Shares of the Richmond, VA., company fell 6.41% to $124.25 at last check.
CarMax reported a 2.32% drop in earnings to $209.9 million, or an adjusted $1.27 a share, from $214.9 million, or $1.30 a share, in the same period a year ago.
Revenue for the quarter ended Feb. 28 rose 4% to $5.16 billion from $4.96 billion in the year-ago period. That number was in line with analysts' expectations.
A survey of analysts by FactSet produced consensus estimates of adjusted earnings of $1.24, on revenue of $5.17 billion.
Total used vehicle unit sales decreased 0.9% and same-store sales decreased by 2.3%.
“We are extremely proud of what we have accomplished this year and how the strategic changes we have made to our business position us for accelerated growth across retail, wholesale and CarMax Auto Finance,” said President and Chief Executive Officer Bill Nash in a statement.
"The rapid adoption of our online instant appraisal offer positions us to become the largest online buyer of used autos from consumer," he added.

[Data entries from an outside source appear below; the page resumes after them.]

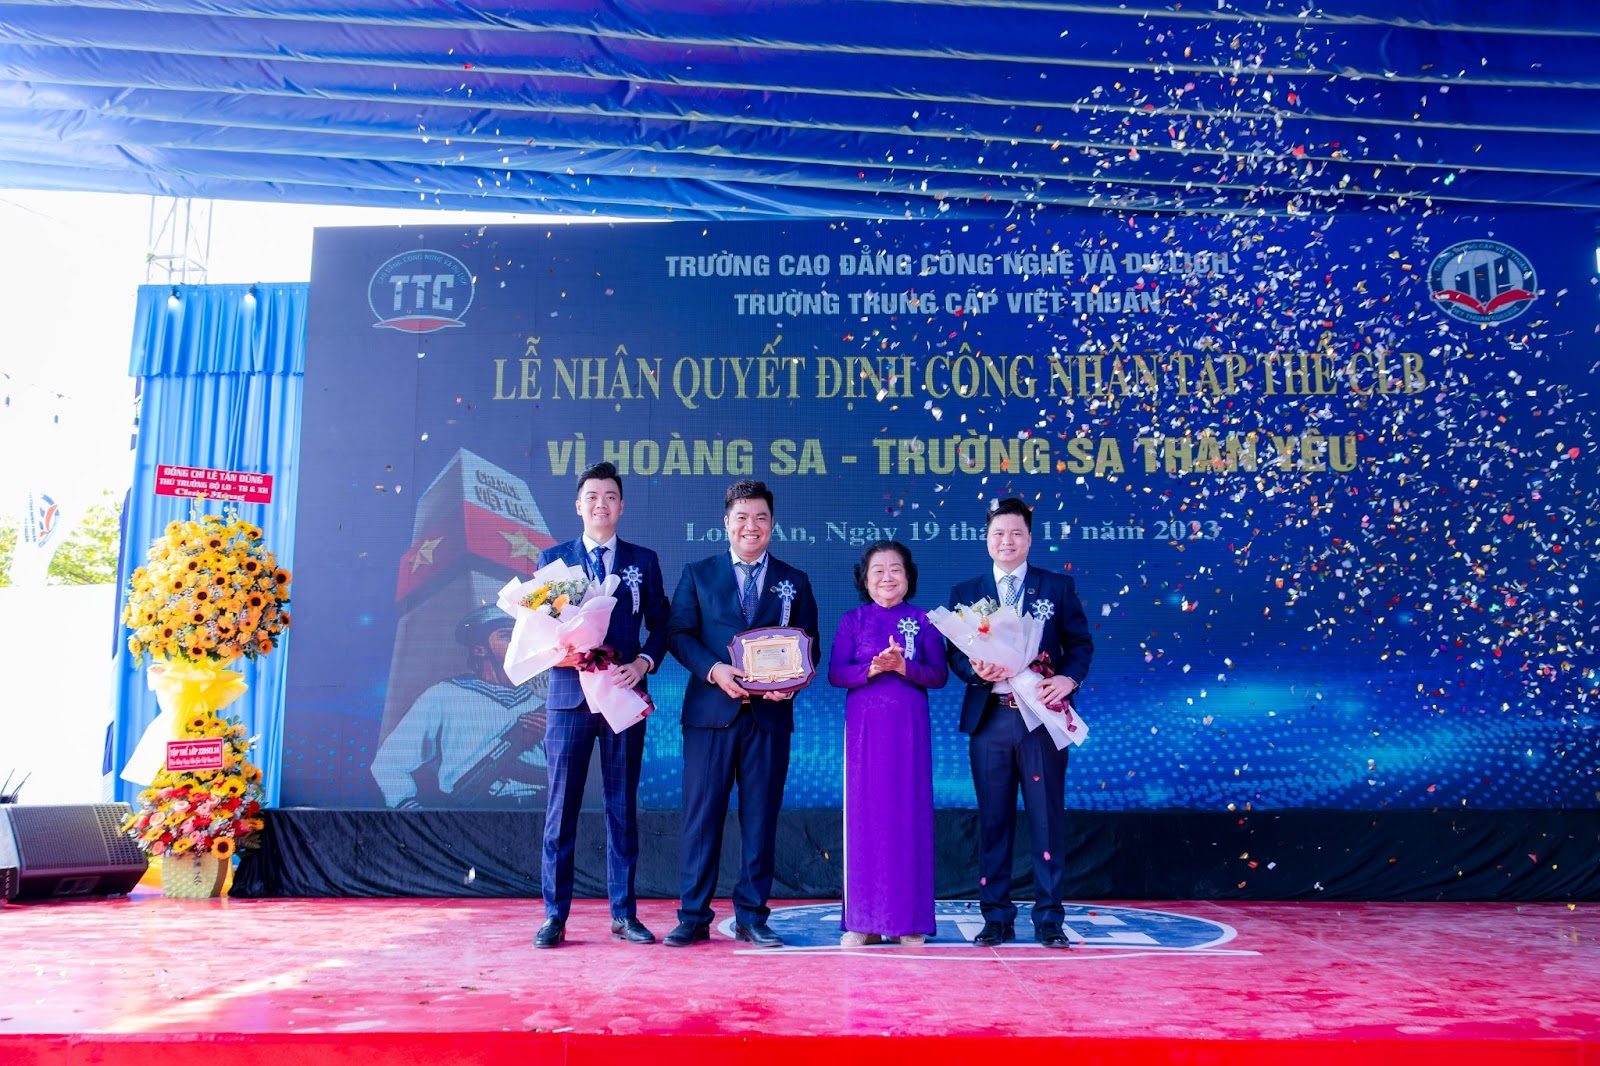 Trường Cao đẳng Công nghệ Và Du lịch và Trường Trung Cấp Việt Thuận khai giảng năm học mới 2023 – 2024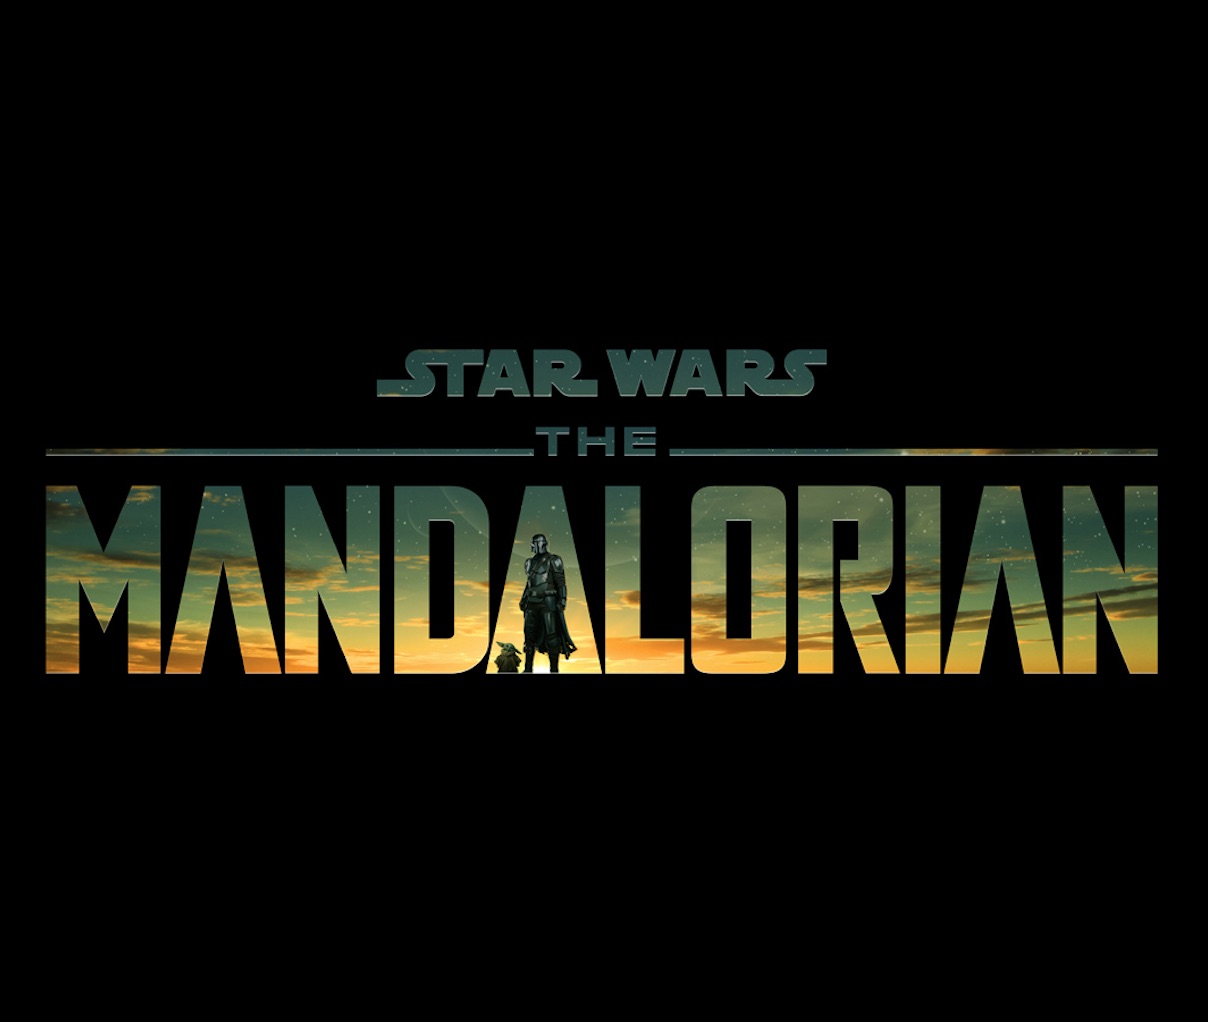 The Mandalorian title art.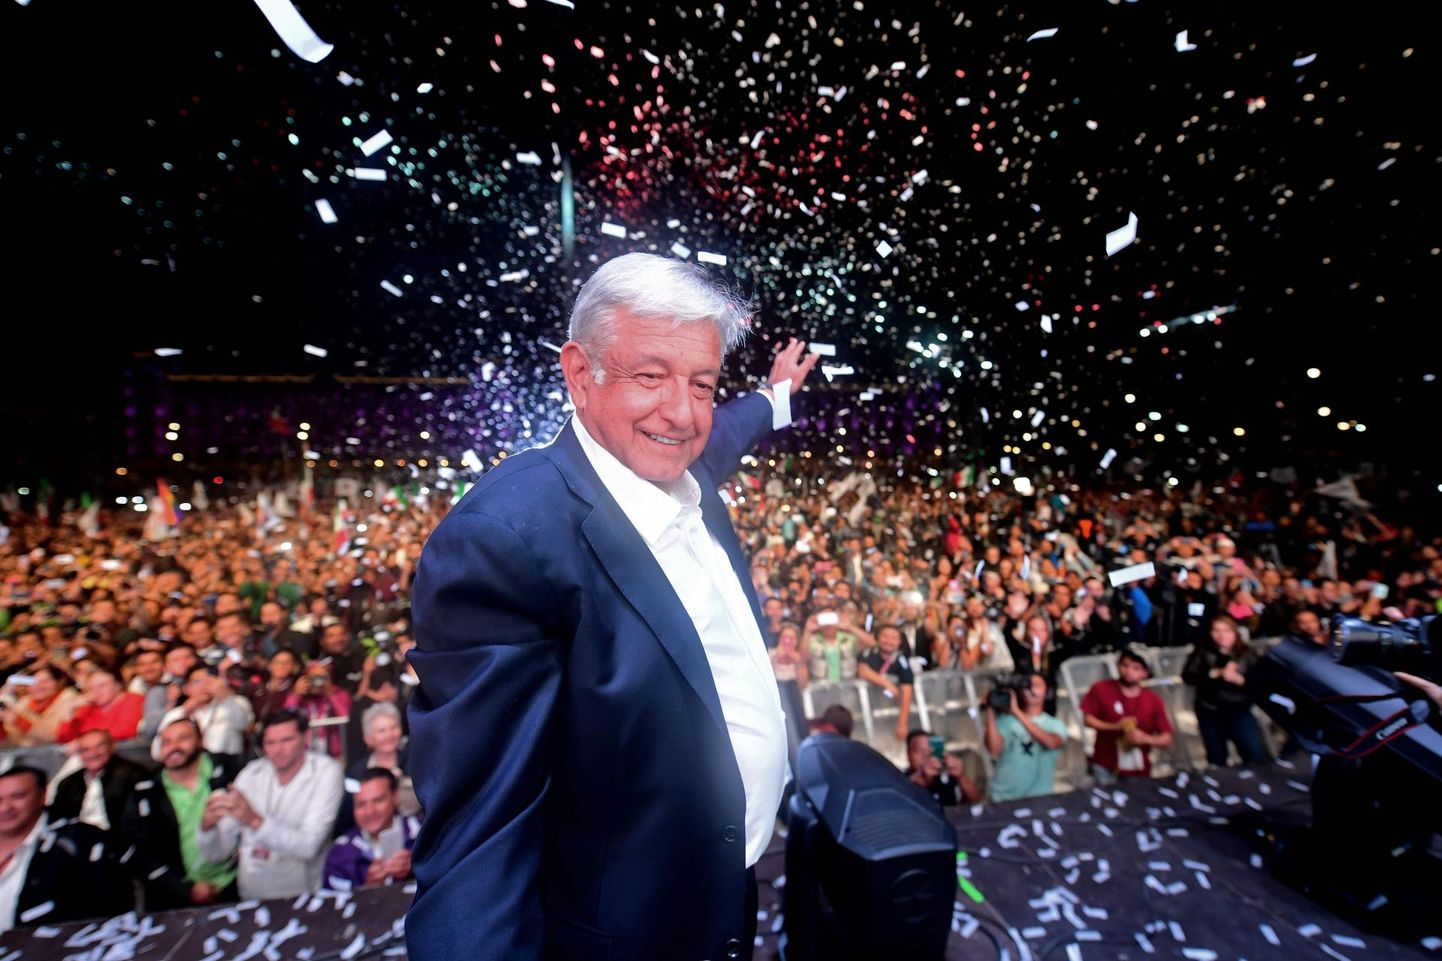 Mehhiko presidendiks valitud Andrés Manuel López Obrador tähistamas üleeile valimisvõitu koos oma poolehoidjatega Zócalo väljakul México kesklinnas. FOTO: Pedro Pardo/AFP/Scanpix

In the three months to February, CarMax acquired Edmunds after initially purchasing a minority stake in the company in early 2020.
“The acquisition of Edmunds will further strengthen the role and reach of both companies,” Nash said.
CarMax will report earnings for the first quarter ending May 31 on June 25.
"We have the technology, data, talent, physical assets and scale to unlock opportunities across the used auto ecosystem. We’re excited about the future as we expect robust top line, bottom line and market share growth for the upcoming year," Nash said.